The seat of the praeses (Präses, the head of the church) is Bielefeld. The EKvW emerged on 13 June 1945, when the ecclesiastical province of Westphalia within the Lutheran Church of the old-Prussian Union assumed its independence as church body of its own. The EKvW is a full member of the Evangelical Church in Germany (EKD), and the Reformed Alliance and is a church whose bases are in a Union between parishes in Lutheran and Calvinistic traditions. The church is also a member of the Communion of Protestant Churches in Europe.
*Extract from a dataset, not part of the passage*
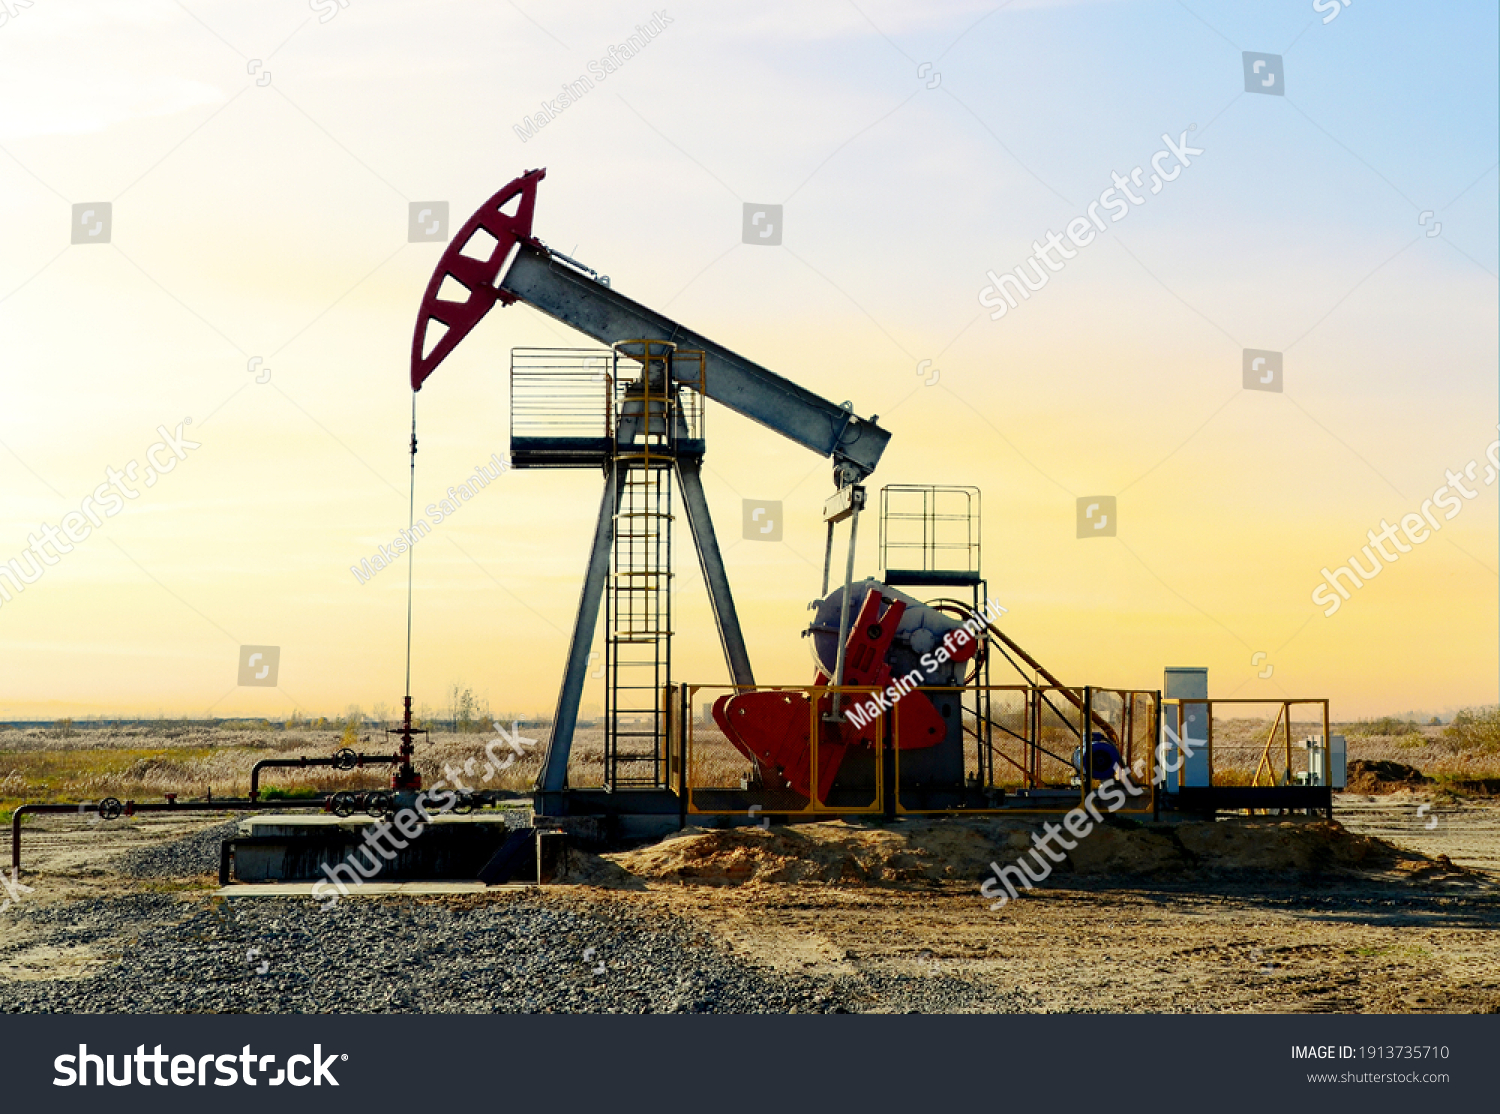 Crude oil pump jack at oilfield on sunset backround. Fossil crude output and fuels oil production. Oil drill rig and drilling derrick. Global crude oil Prices, energy, petroleum demand #1913735710

Präses (president) of the EKvW is Annette Kurschus (2012), as its first female leader.

== Präses (President) ==
- 1834–1835: Jakob von der Kuhlen
- 1835–1841: Christian Nonne
- 1841–1843: Bernhard Jacobi
- 1844–1874: Wilhelm Diedrich Albert
- 1874–1902: Ludwig Polscher
- 1902–1914: Friedrich König
- 1914–1927: Heinrich Kockelke
- 1927–1949: Karl Koch (until 1934 Präses der Provinzialsynode, 1934–1945 of Bekenntnissynode, since 1945 of synode)
- 1949–1968: Ernst Wilm
- 1969–1977: Hans Thimme
- 1977–1985: Heinrich Reiß
- 1985–1996: Hans-Martin Linnemann
- 1996–2004: Manfred Sorg
- 2004–2012: Alfred Buß
- 2012–2023: Annette Kurschus
- since 2025: Adelheid Ruck-Schröder

== Practices ==
The church permits the ordination of women. Blessing of same-sex marriages has been allowed from 2019.